Even though PRISm is not encompassed within the current COPD diagnostic pulmonary function criteria, it parallels COPD in terms of FEV1 decline. Similarly, PRISm is associated with the onset of respiratory symptoms, systemic inflammation, and an increased incidence and mortality rate from cardiovascular diseases.3,6,59

In conclusion, PRISm holds significant relevance in the progression of COPD, accentuating the need for more longitudinal research, including frequent pulmonary function tests and extended follow-ups, to comprehensively grasp the clinical and pathological implications of this unique pulmonary function status.

Relationship Between PRISm and Radiological Abnormalities

Computed tomography (CT), as the primary imaging screening and research tool, provides a series of vital radiological parameters. These parameters, including the emphysema index, air trapping percentage, average lung density, 10th percentile of airway perimeter (Pi10), airway wall thickness, airway wall area percentage, total lung capacity measured by computed tomography (TLCCT), and parameters related to lung vasculature, are of great significance in diagnosing and assessing the progression of pulmonary diseases. These radiological parameters can be analysed in correlation with spirometry parameters or can be used directly as predictive tools to assess the progression of associated lung diseases.

In the diagnosis of early-stage COPD, CT seems to be more sensitive than traditional pulmonary function tests (PFTs).60,61 Current PFTs are suboptimal in identifying early lung function impairments and no longer meet the clinical demands for interventions in early-stage diseases. Therefore, we believe that it is crucial to delve into and summarise the radiological characteristics of PRISm on CT scans.

Radiological Features of PRISm on High-Resolution Computed Tomography (HRCT)
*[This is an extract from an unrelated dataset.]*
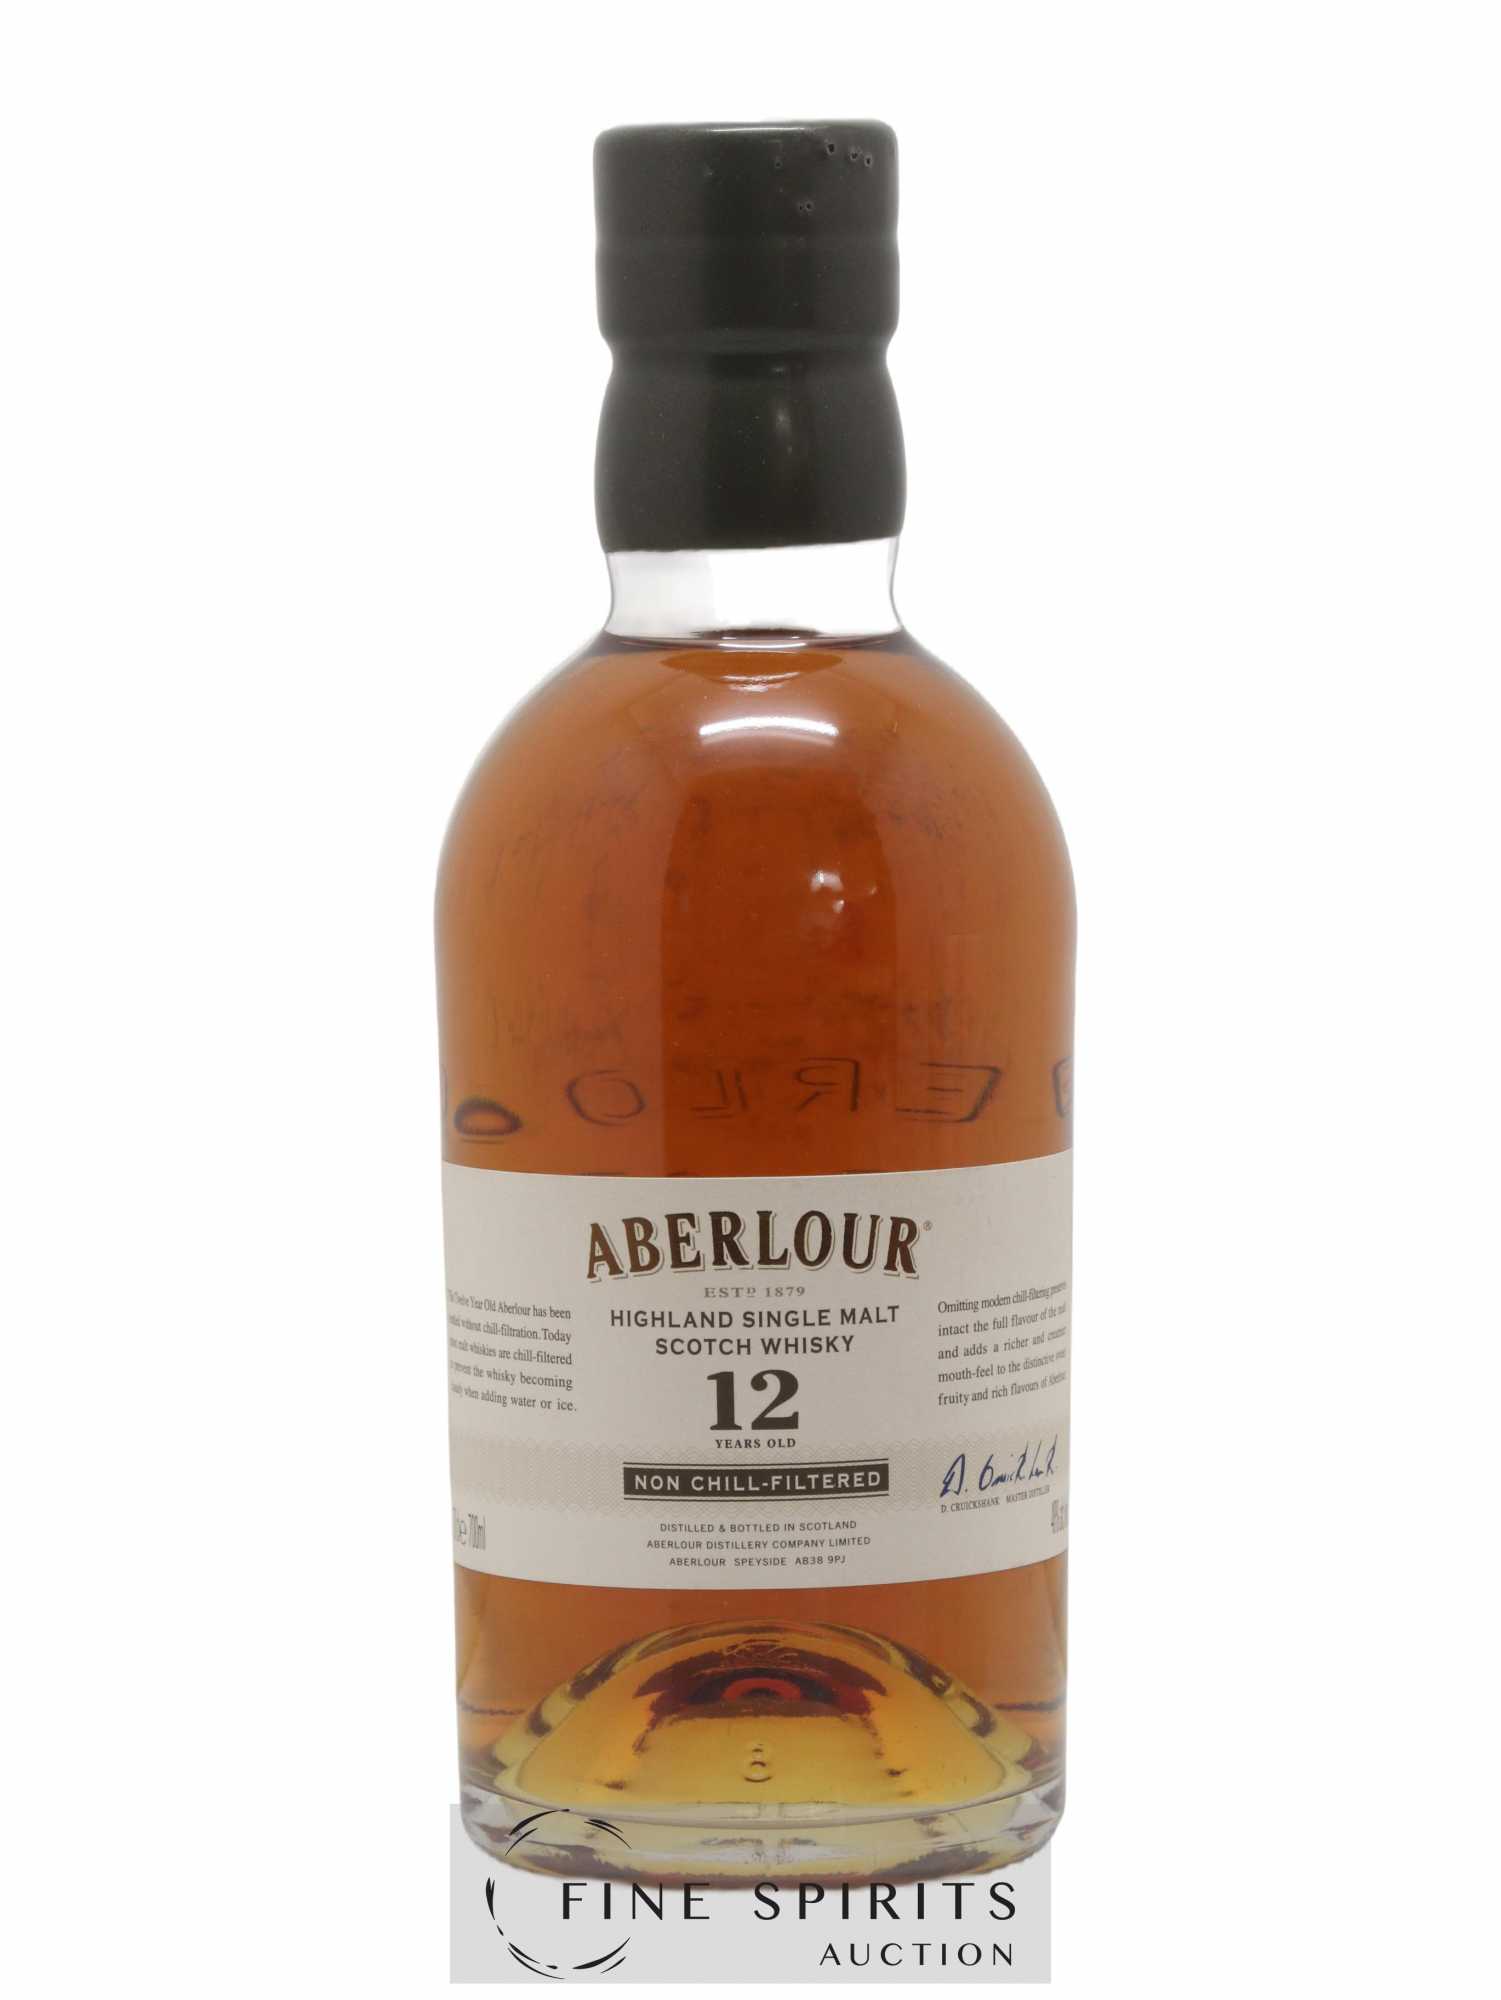 Aberlour 12 years Of. Non Chill-Filtered

In a typological study addressing the distinct characteristics of PRISm via HRCT, researchers scrutinised parameters pertaining to the lung parenchyma, airways, and pulmonary vasculature. The outcomes revealed that, in contrast to patients with mild-to-moderate COPD, those with PRISm demonstrated notable disparities in parameters related to parenchymal destruction but remained largely congruent in terms of the airway and the majority of vascular parameters.60 This finding underscores the notion that individuals with PRISm exhibit parenchymal attenuation closer to that of the healthy population, with the principal pathological changes manifesting within the small airways and small vessels. An investigation into the mean lung density (MLD) revealed pronounced variations among the three cohorts (early-stage COPD, PRISm, and normal group). The MLD of the early-stage COPD cluster was significantly reduced in comparison to the other two, while the PRISm cohort exceeded the controls.60–62 The MLD exhibited marked deviations throughout the spectrum from normal pulmonary function to mild and moderate COPD. The study also accentuated that pulmonary function test maps (PRM) could effectively distinguish between the normal, PRISm, and mild-to-moderate COPD groups, with the PRM pertinent to pulmonary emphysema emerging as an independent predictor for mild-to-moderate COPD.60 The percentage of airway wall area was also pinpointed as an independent prognostic marker for PRISm status. Intriguingly, this metric bore an inverse correlation with the predicted FEV1 percentage, thereby offering an indirect reflection of pulmonary function status.3,63

Research from the Genetic Epidemiology of COPD (COPDGene) initiative proposed that certain radiological parameters gauged via CT, including the percentage of pulmonary emphysema, gas trapping, and segmental wall area percentage, could serve as radiographic predictors for the PRISm phenotype.3 Another in-depth exploration by COPDGene delineated the radiological traits of PRISm sub-groups, observing that in comparison to other pulmonary functional categories and sub-groups, patients with PRISm were more predisposed to progress into the GOLD1-4 cohort, with elevated TLC%, pulmonary emphysema percentage, and gas trapping percentage.7 In summary, these studies highlight the paramount significance of HRCT in diagnosing and stratifying PRISm, particularly with regard to parenchymal and small airway alterations, providing valuable insights for subsequent clinical investigations and therapeutic interventions.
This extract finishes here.